Parem todos os relógios, desliguem o telefone,
Impeçam o cão de latir com um osso enorme,
Silenciem os pianos e ao som abafado dos tambores
Tragam o caixão, deixem as carpideiras carpir suas dores.
Deixem os aviões aos círculos a gemer no céu
Rabiscando no ar a mensagem: Ele Morreu,
Ponham laços crepe nas pombas brancas da nação,
Deixem os sinaleiros usar luvas pretas de algodão.
Ele era o meu Norte, meu Sul, meu Leste e Oeste,
Minha semana de trabalho, meu Domingo de festa
Meu meio-dia, meia-noite, minha conversa, minha canção;
Pensei que o amor ia durar para sempre: foi ilusão.
As estrelas já não são precisas: levem-nas uma a uma;
Desmantelem o sol e empacotem a lua;
Despejem o oceano e varram a floresta;
Porque agora já nada de bom me resta.
Durante muito tempo você permaneceu como solo aos meus pés e auréola sobre minha cabeça, dormiu em minha cama e partilhou sorrisos, eu jamais disse uma palavra que a ferisse, nem quando queria faze-lo, de alguma forma estranha, talvez indecifravel, você era parte de mim, a pior parte delas e eu não me envergonhava de pensar assim. Mas deveria. Ontem sem dizer porquê, pedi para que partisse, e cá estou, parado em frente a nossa (minha) casa, todas as luzes apagadas quando a escuridão enfim nos engole, deveria mesmo mandar parte de mim partir? Sim. Por quê? Não sei. Suas malas estavam pesadas então ajudei a carrega-las a uns 10 metros do nosso portão, portão agora meu, e me voltei rapidamente sem olhar de misericórdia enquanto podia sentir que me encarava desesperada buscando os olhos que não as alcançavam, há tempos não prestava tanta atenção as flores do jardim, me pareciam interessantes agora: ”não deixe de olha-las, não mova os olhos daqui” Quem iria me certificar que era seguro mover os olhos agora? Droga! Abri os ouvidos para escutar seus passos se afastando e não escutei nada, só vento, você foi divina mas não caminhava como vento, por questão de segurança meus olhos ainda fitavam as flores do jardim […]

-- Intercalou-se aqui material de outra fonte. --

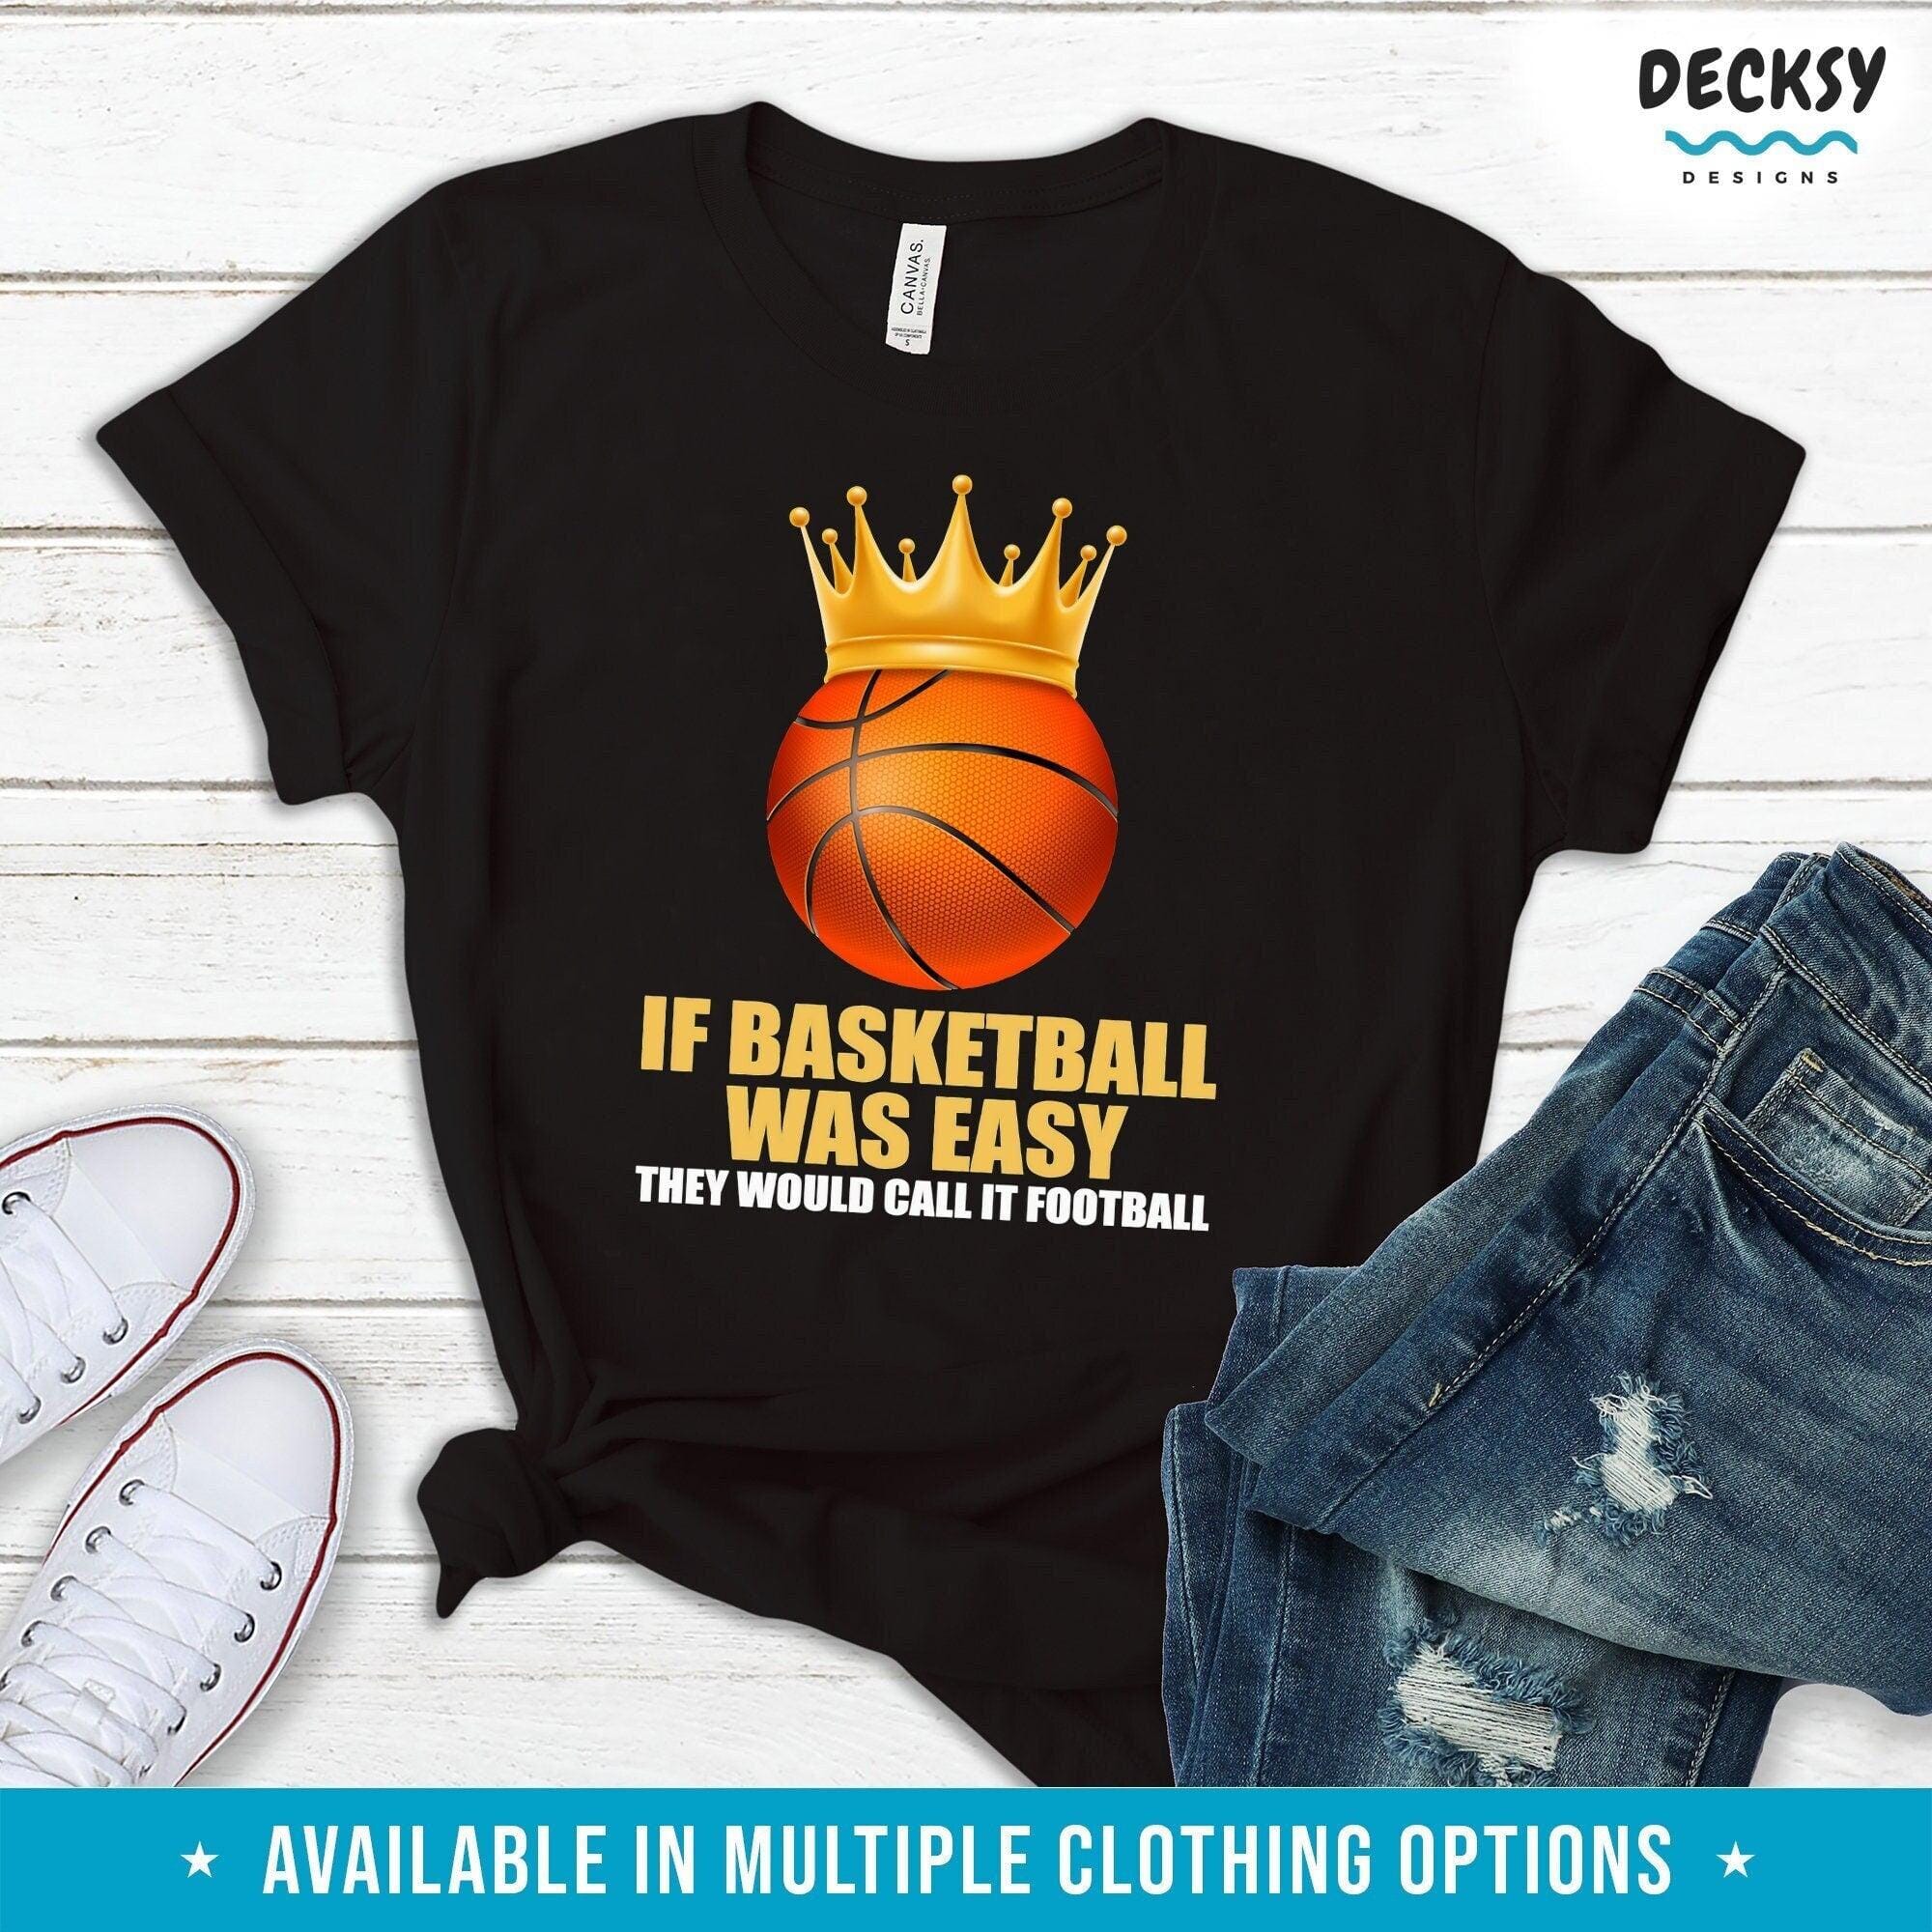 Funny Basketball Tshirt, Gift for Basketball Player-Clothing:Gender-Neutral Adult Clothing:Tops & Tees:T-shirts:Graphic Tees-DecksyDesigns

[…] Ontem tomei tal decisão, era tarde da noite e não havia como fazer malas, chamar o táxi ou voltar atrás, estavamos na mesma cama, tamanha crueldade de minha parte, então me levantei e desci as escadas sedento por café e cigarros (há quanto tempo estas flores não são cuidadas?) Se fossem os velhos tempos, você desceria neste momento e me ajudaria a preparar torradas porque não sou muito bom nisso (Há ervas daninhas sufocando as flores) tive medo que realmente viesse até a cozinha como em tempos passados, mas você não veio, mesmo assim por garantia resolvi fumar meus cigarros e tomar meu café do lado de fora, na varanda. (Isso são Lírios? sou tão leigo) Quando por enfim parei de escutar meu próprio coração batento com violencia em meus ouvidos, fui capaz de escutar um soluço ao longe que partiu meu coração […]
[…] Ergui um pouco os olhos para me certificar que tinhas mesmo partido, e a vi! Droga! Você me viu? Não poderia, estava de costas, olhando para os sapatos (talvez), o que estava esperando afinal?
Eu havia dito que existia outra pessoa, era mentira, nunca haverá. Mas não posso deixar que finalmente tenha acabado aqui, a procura por alguém que se vale a pena morrer, pois nunca acreditei nisso. É óbvio que não diria a você o real motivo de pedir para que partisse. Você iria se vangloriar de ter me capturado e voltar quantas vezes lhe fosse conveniente, odeio idas e vindas, odeio rodeios e não nasci para o romance.
Ergui os olhos mais uma vez e lá estava você, olhando pra mim com olhos tão vermelhos, palpebras tão inchadas e eu quase adivinhei o que estava pensando, mas ao invés de descobrir, me virei e parti eu mesmo, fechei a porta a minhas costas e não concluí o acontecimento.